In 5 of 6 major Latin American nations, majorities have little or no confidence in Chavez as a leader. In Brazil and Peru, majorities have “no confidence at all” in him. Only in Argentina is opinion divided, with 40% of the population feeling somewhat positive about Chavez.
In short, the prospects for Chavez’s “Bolivaran Revolution” transforming the politics of Latin America remain poor.
Earlier this month Lee Kuan Yew, who effectively created the nation of Singapore based on his personal vision, suggested to the New York Times that the United States–unlike China–was not effectively preparing for the future in Asia:
One of his concerns now, Mr.
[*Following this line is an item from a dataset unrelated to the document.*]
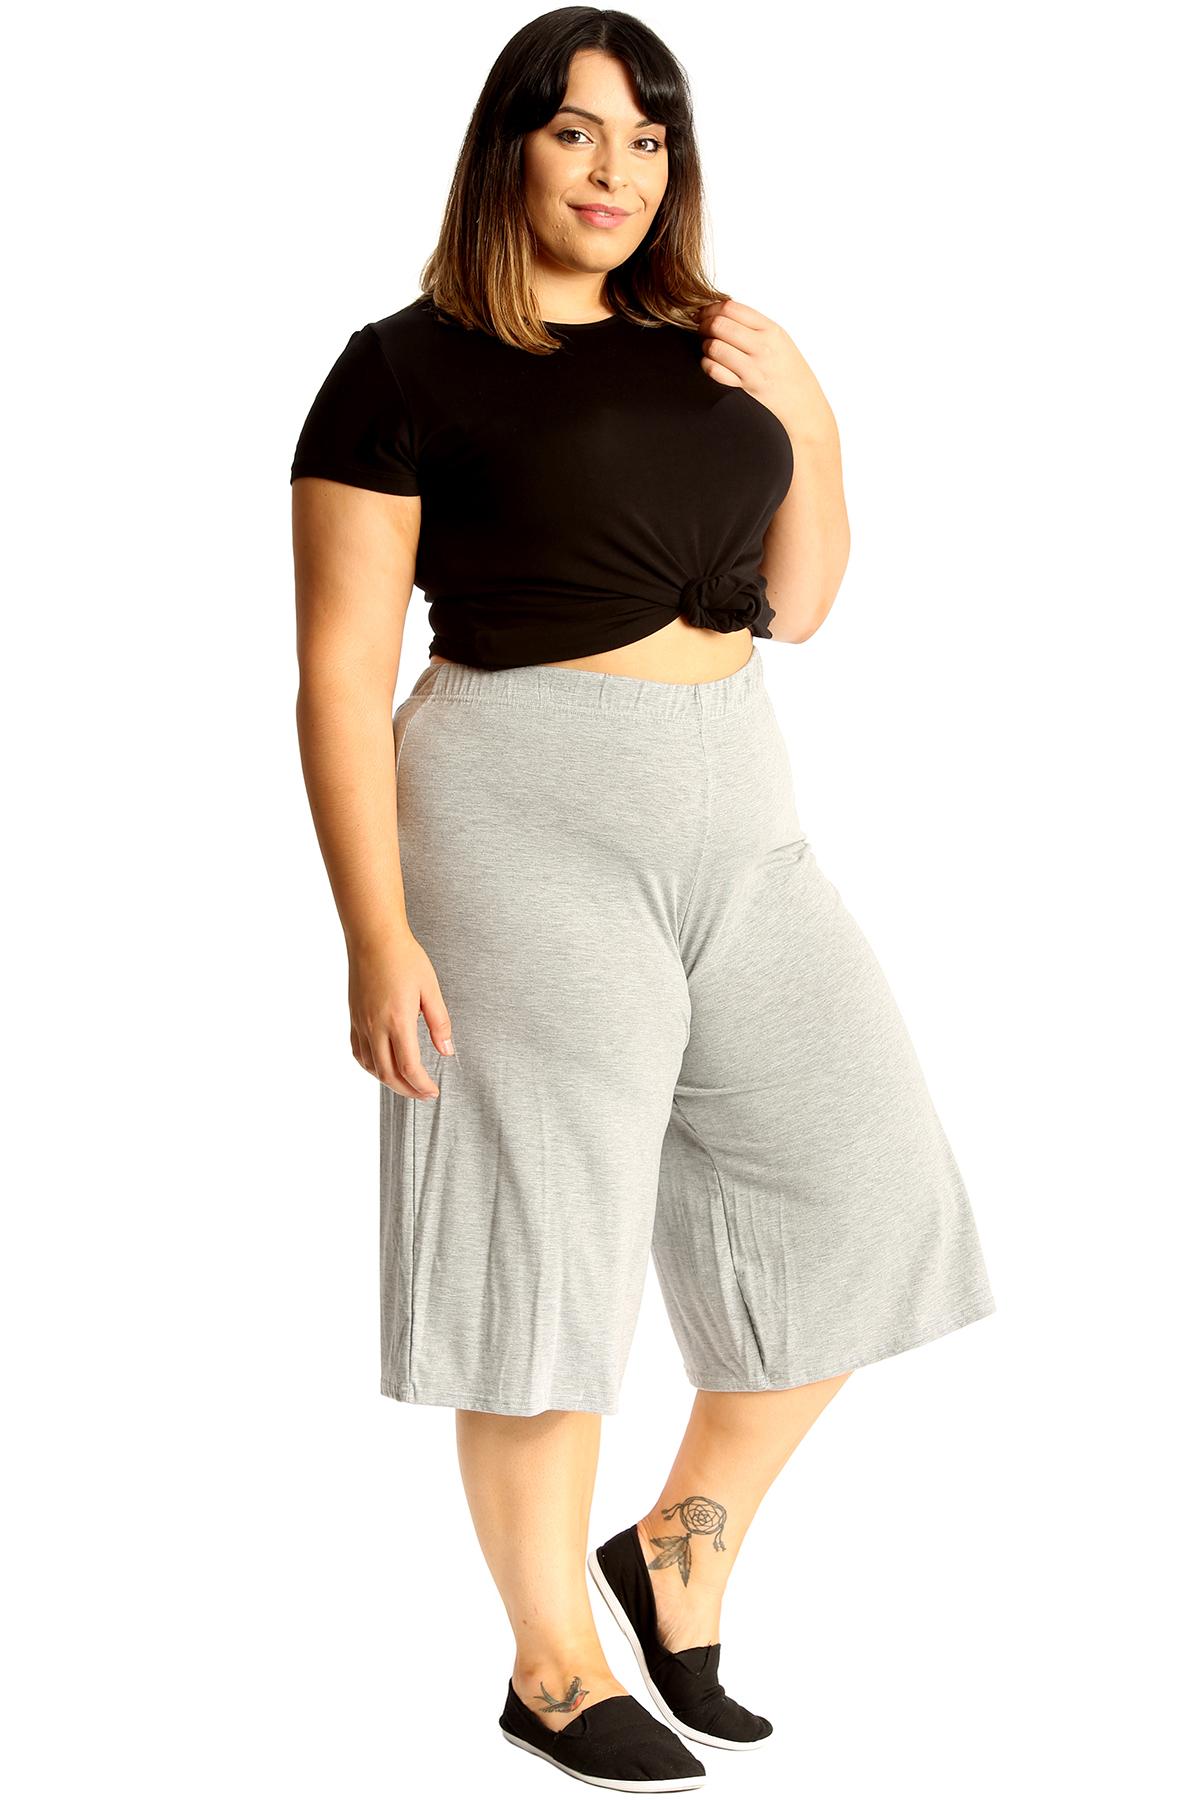 New-Womens-Plus-Size-Culottes-Ladies-Plain-Shorts-Palazzo-Elastic-Pants-Summer thumbnail 23
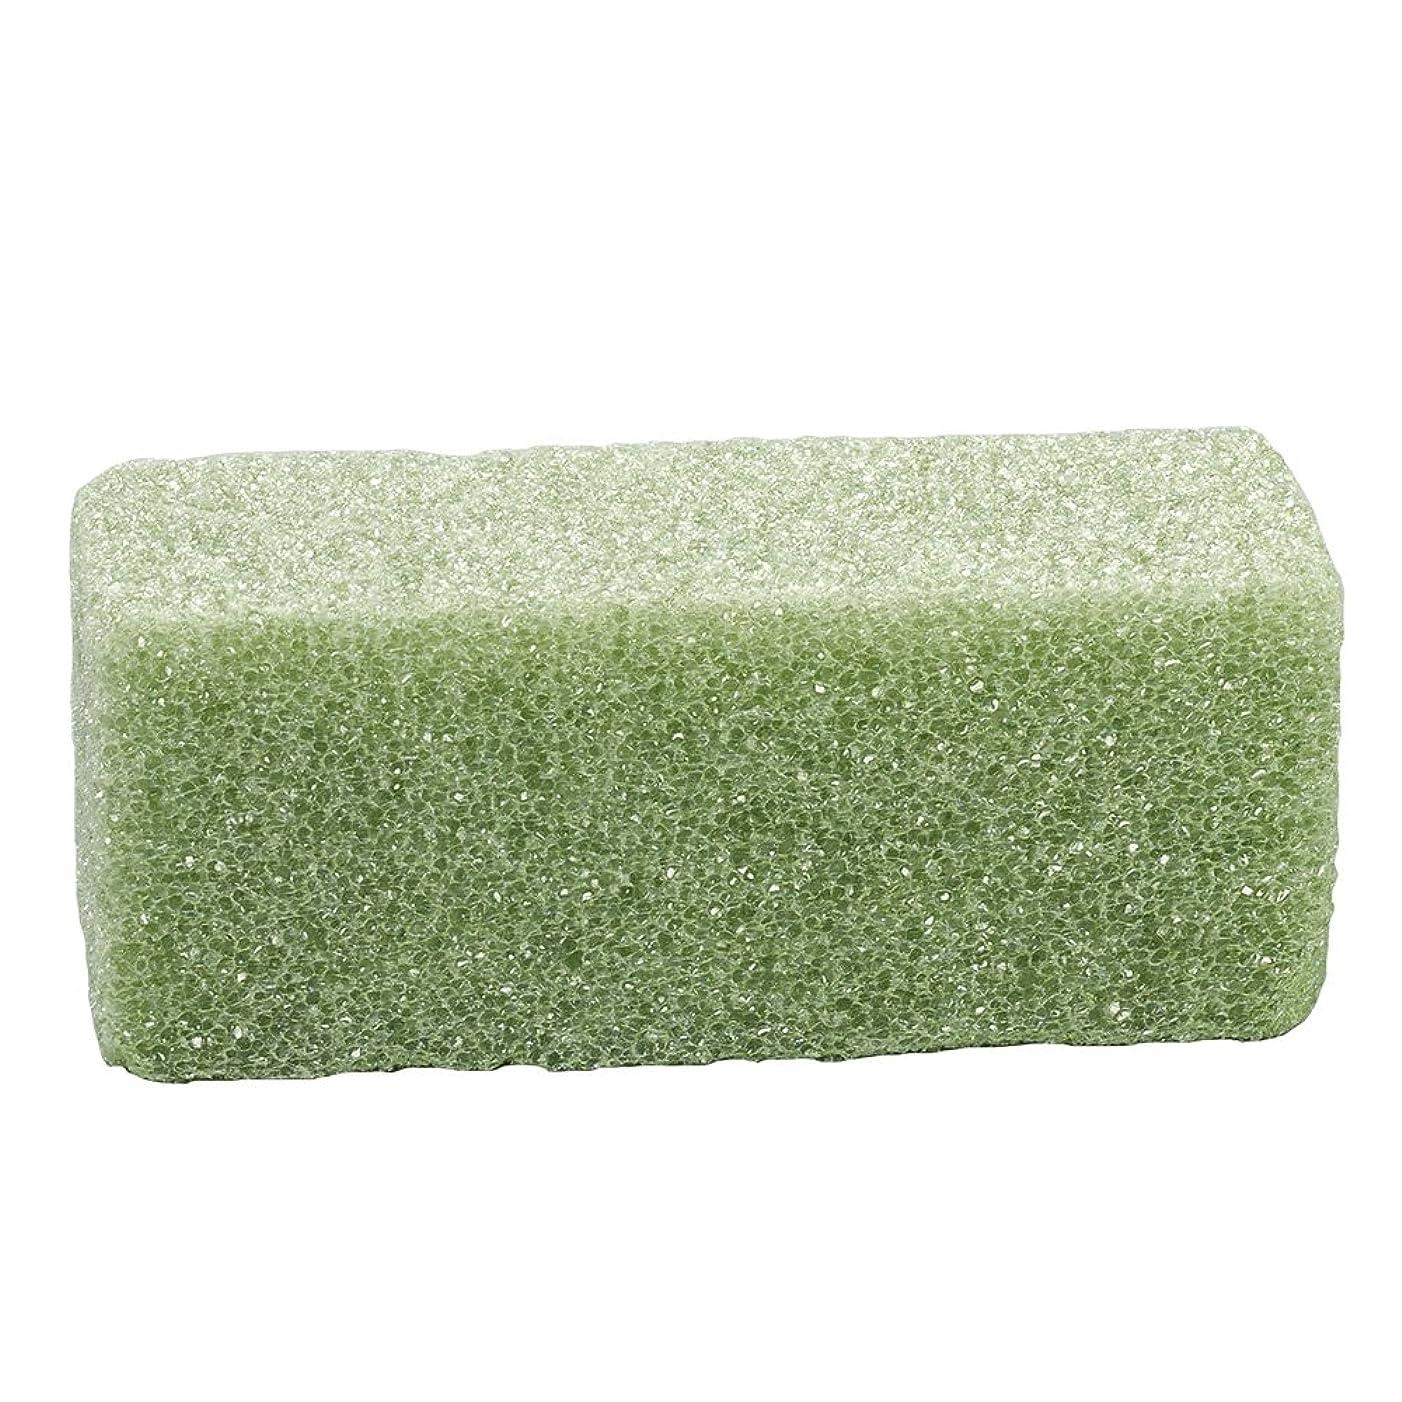 FloraCraft Styrofoam Block 1.9 Inch x 1.9 Inch x 4.8 Inch Green

Lee said, is that the United States has become so preoccupied with the Middle East that it is failing to look ahead and plan in this part of the world. “I think it’s a real drag slowing down adjusting to the new situation,” he said, describing what he called a lapse that worries Southeast Asian countries that count on Washington to balance the rising economic and diplomatic power of China. “Without this draining of energy, attention and resources for Iraq, Iran, Lebanon, Israel, Palestine, there would have been deep thinking about the long-term trends — working out possible options that the U.S. could exercise to change the direction of long-term trends more in its favor,” Mr. Lee said. As the United States focuses on the Middle East, Mr. Lee said, the Chinese are busy refining their policies and building the foundations of more cooperative long-term relationships in Asia. “They are making strategic decisions on their relations with the region,” he said.
Mr. Lee also notes a pattern that suggests Singaporean cultural power vastly disproportionate to its small size: China’s ministers meet with Singapore’s twice a year “to learn from their experience,” and “50 mayors of Chinese cities visit every three months for courses in city management.”